Collected data ::
_ _ _ _ _

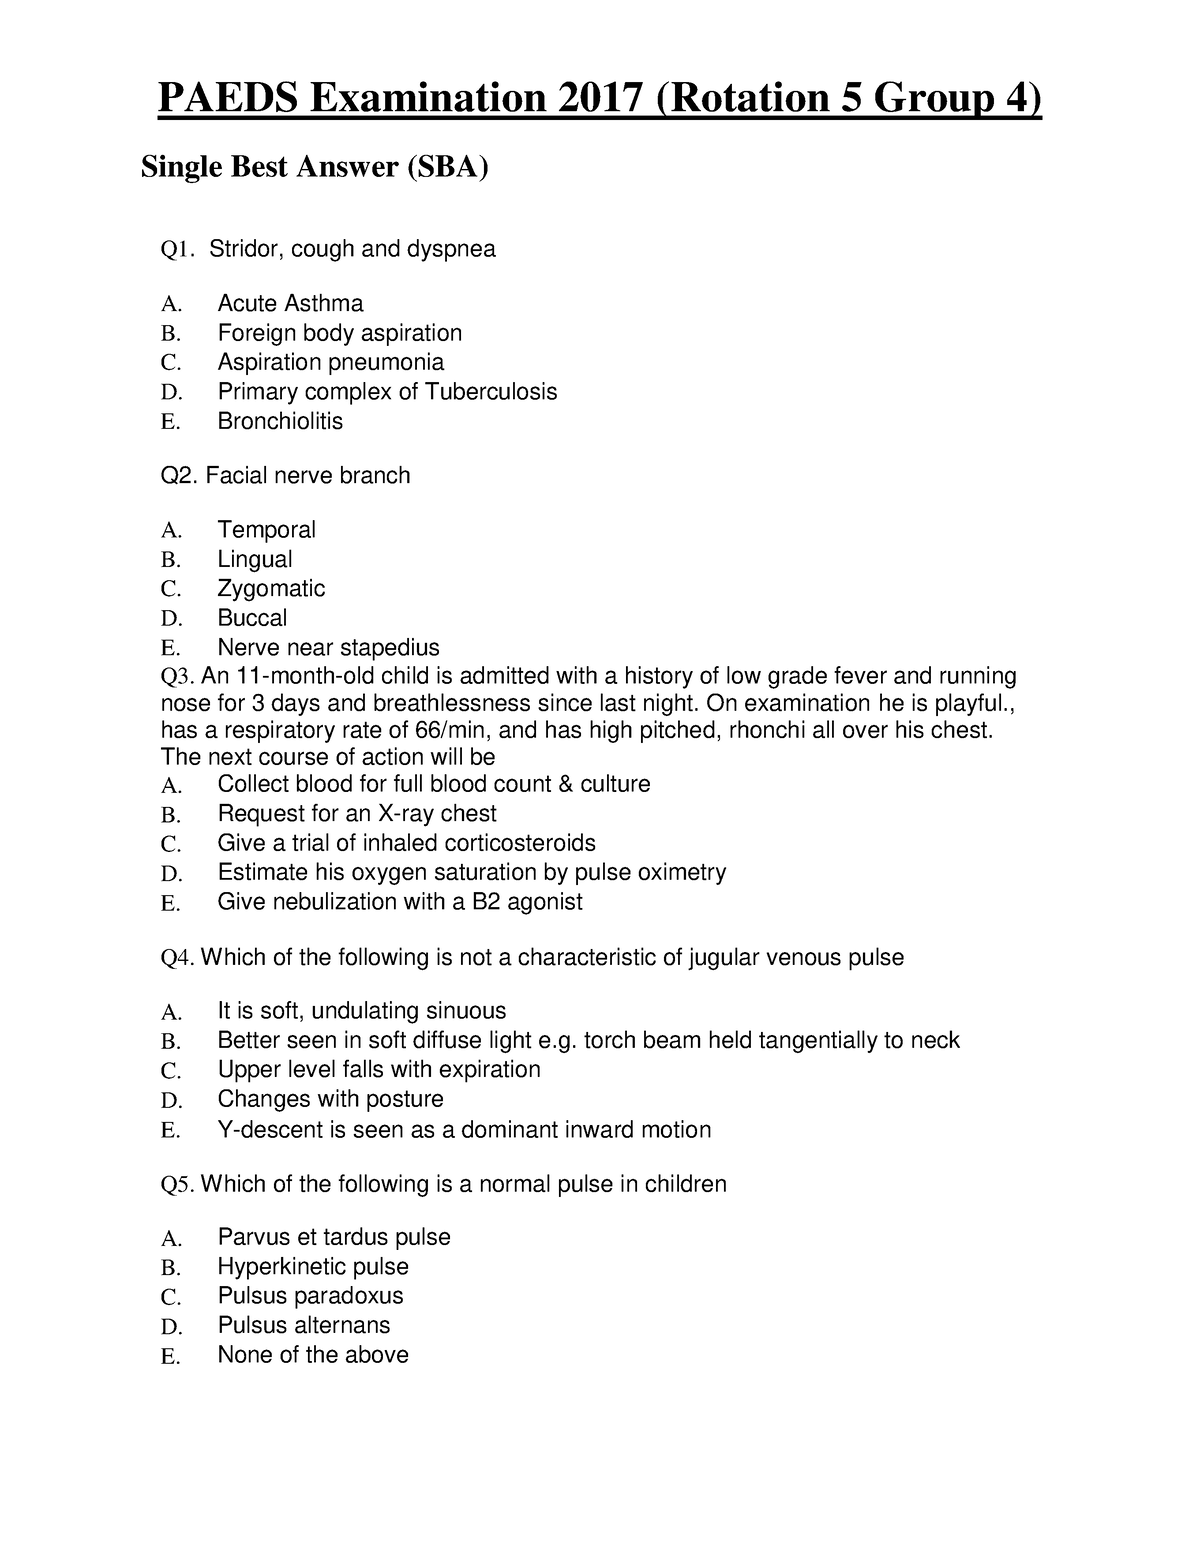 [ Paeds] End-Posting Examination Questions (G4) - PAEDS Examination ...
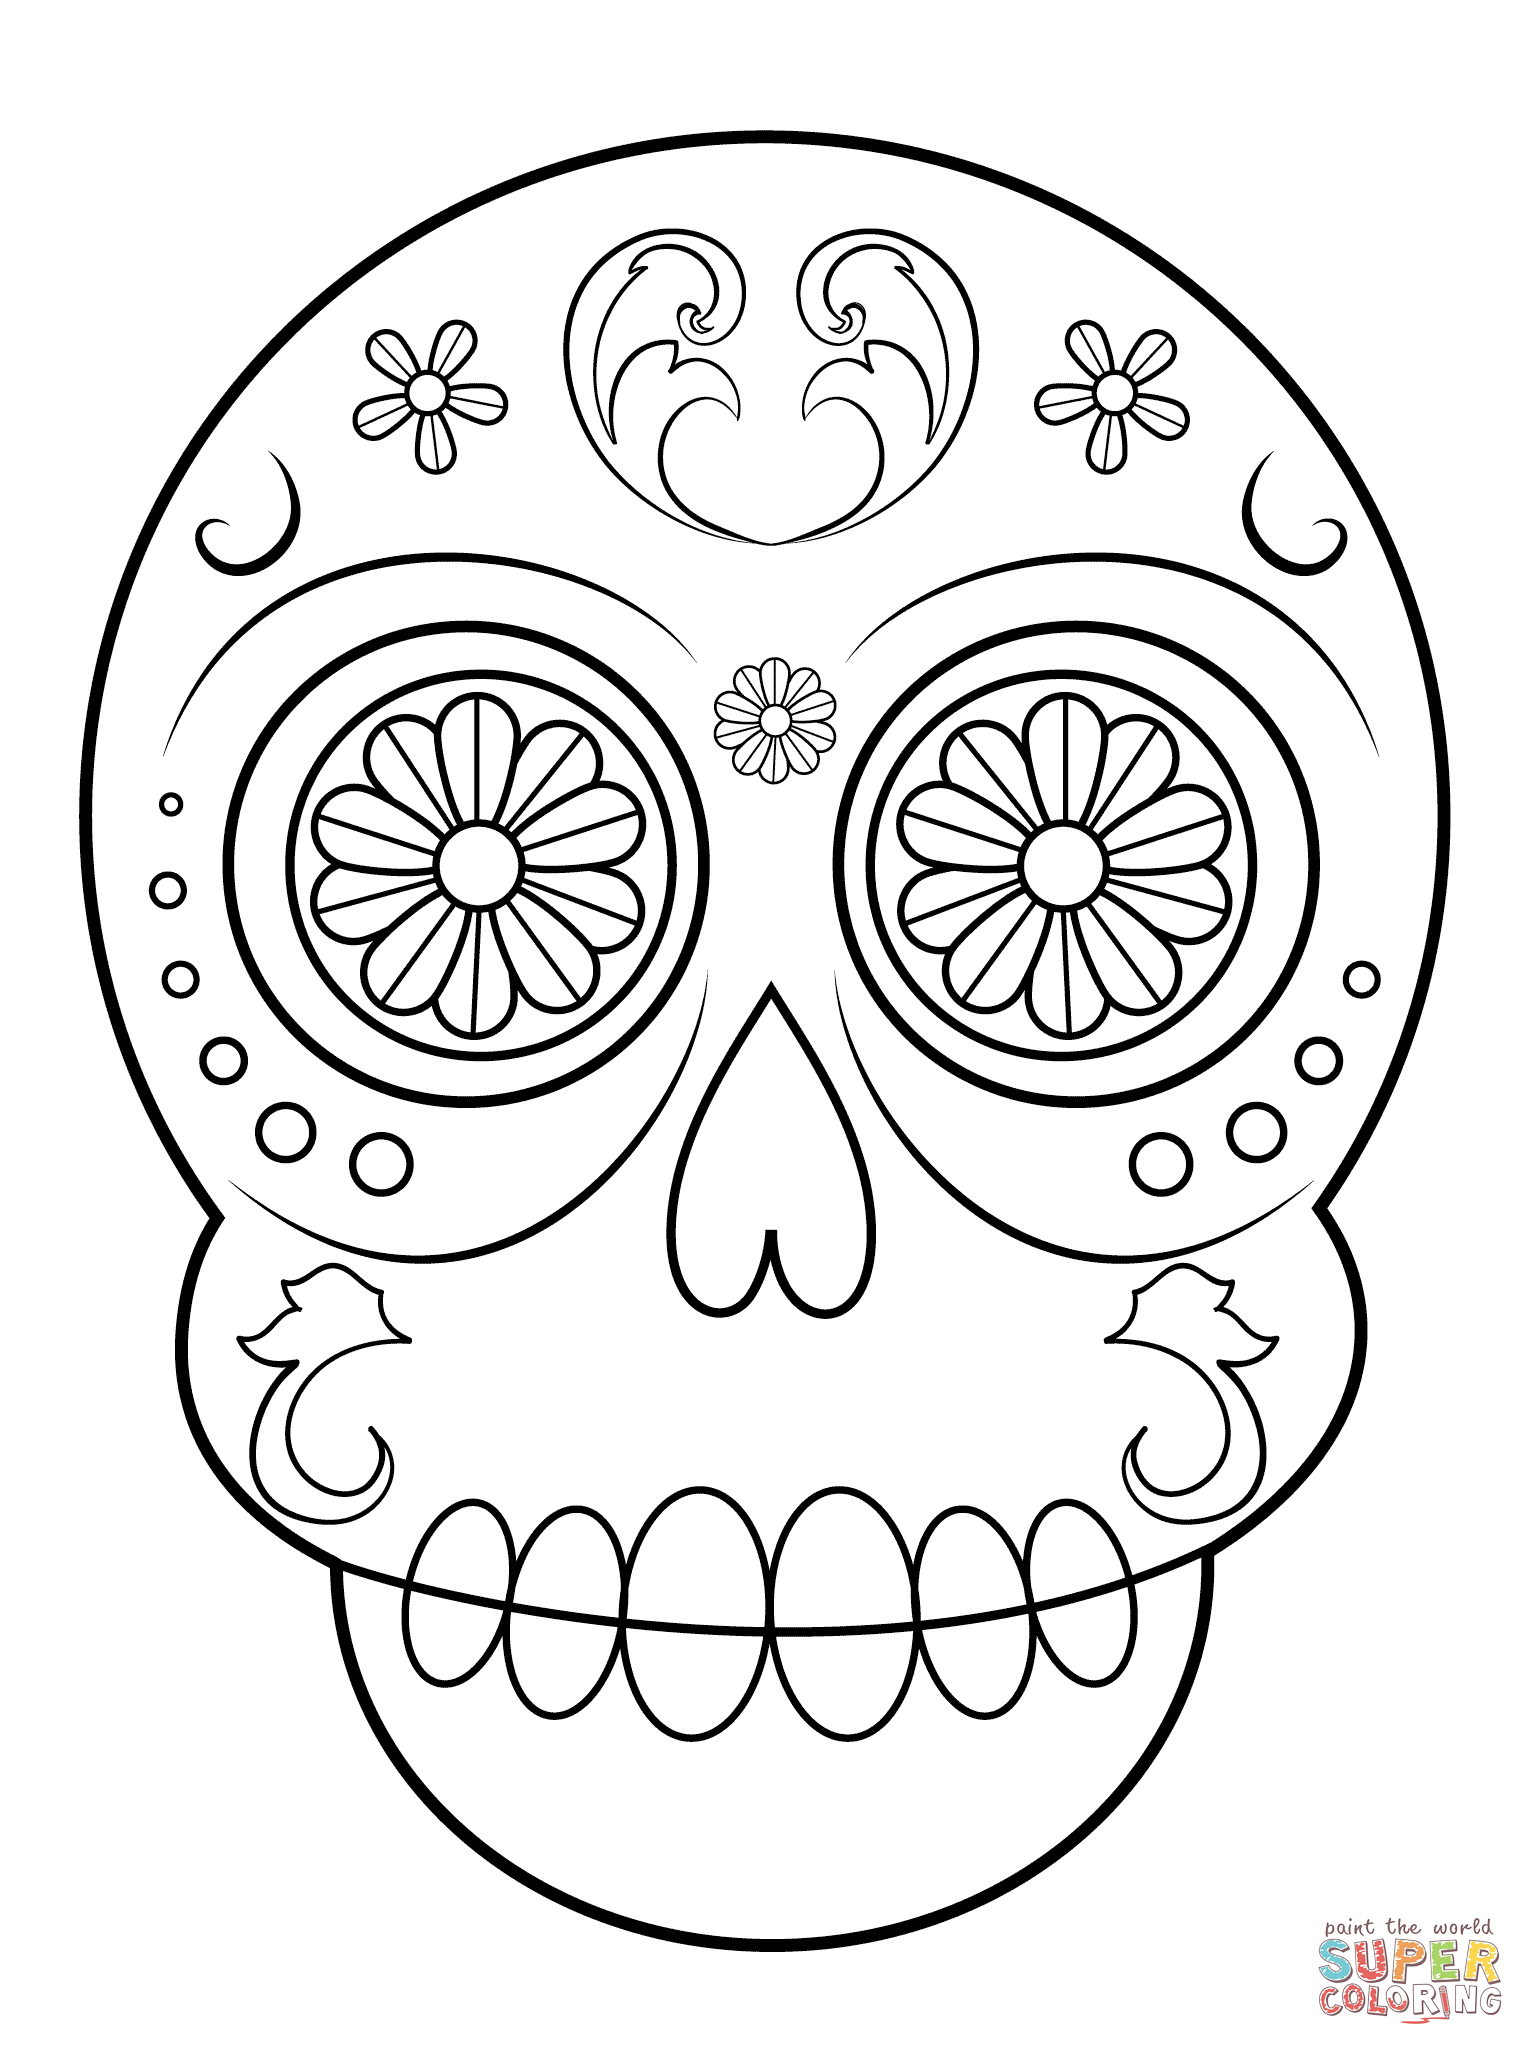 Day Of The Dead Sugar Skull Coloring Page. Free Printable Coloring Home
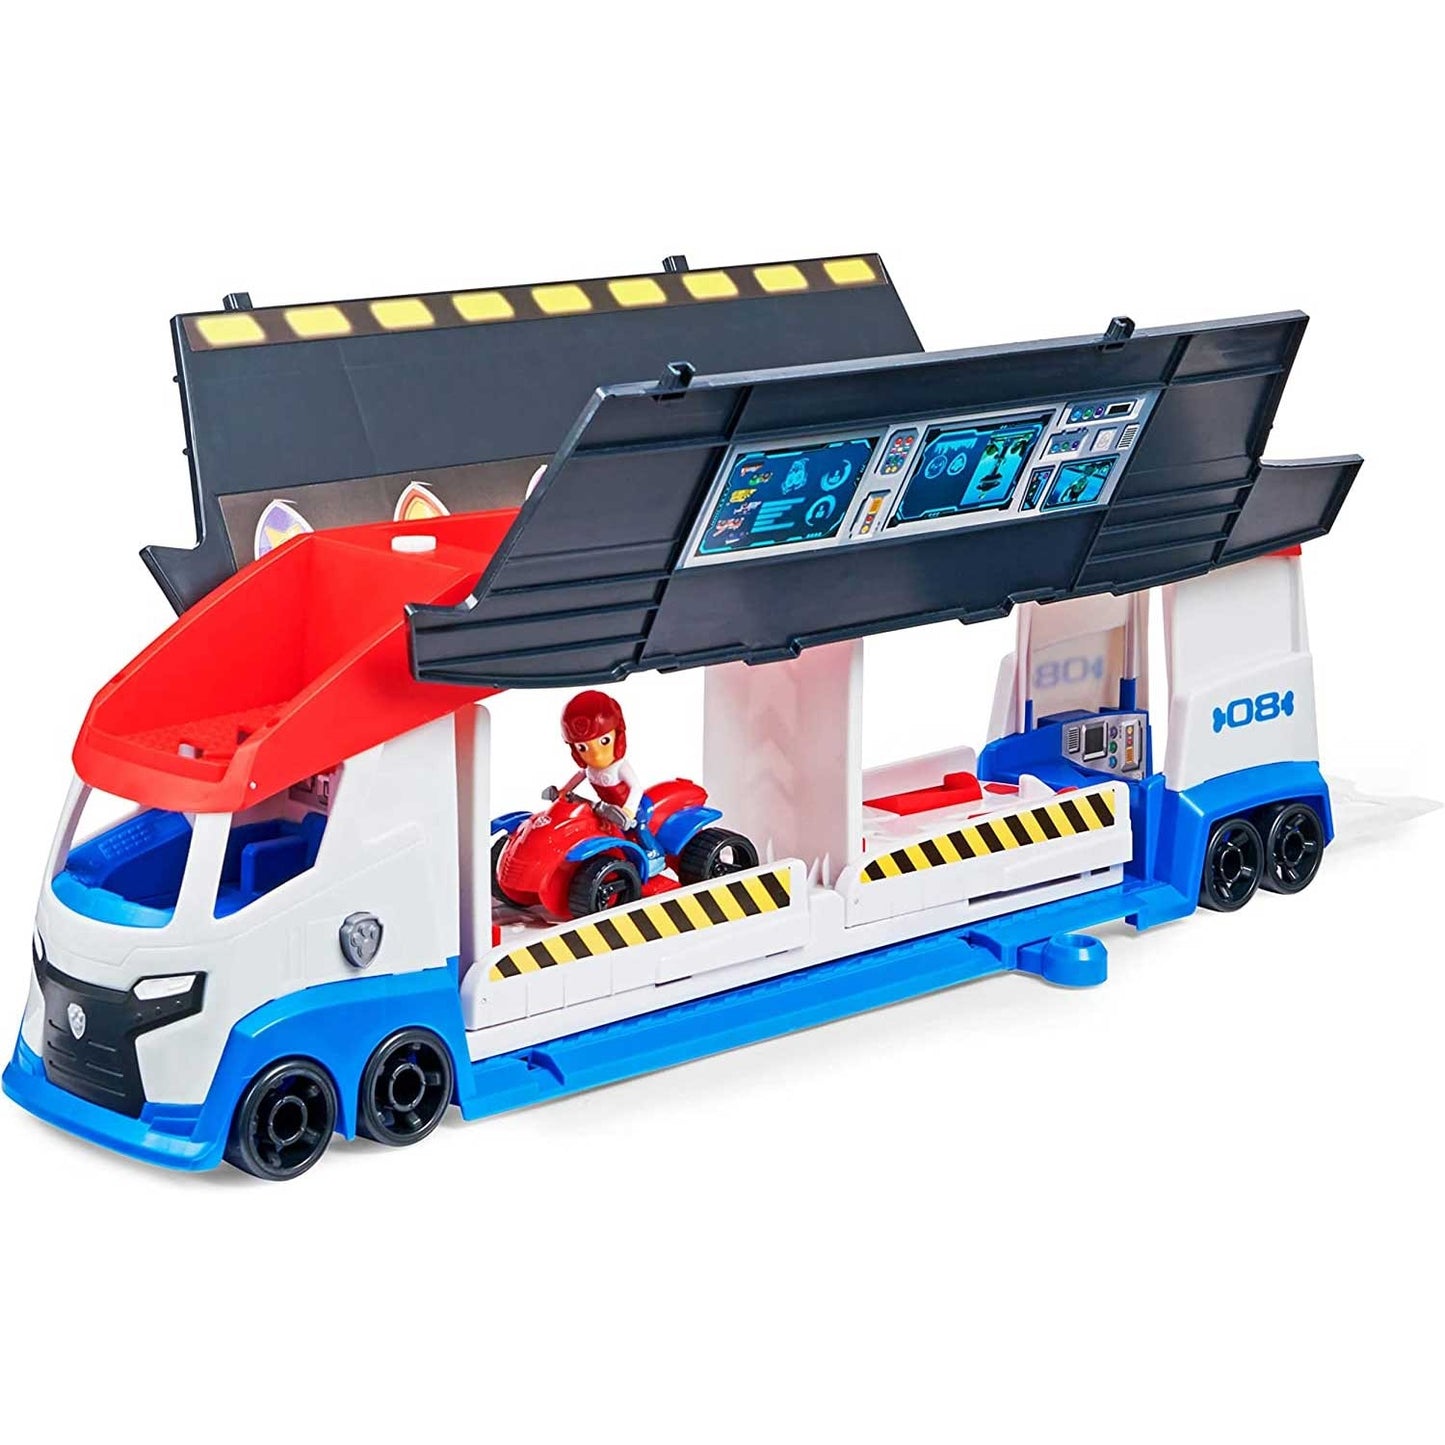 Spin Master - Paw Patrol Paw Patroller Deluxe

_ _ _ _ _

To do :: Could you output the entire listing verbatim while omitting its pictures?

Task response ::
 [ Paeds] End-Posting Examination Questions (G4) - PAEDS Examination ...
 Day Of The Dead Sugar Skull Coloring Page. Free Printable Coloring Home
 Spin Master - Paw Patrol Paw Patroller Deluxe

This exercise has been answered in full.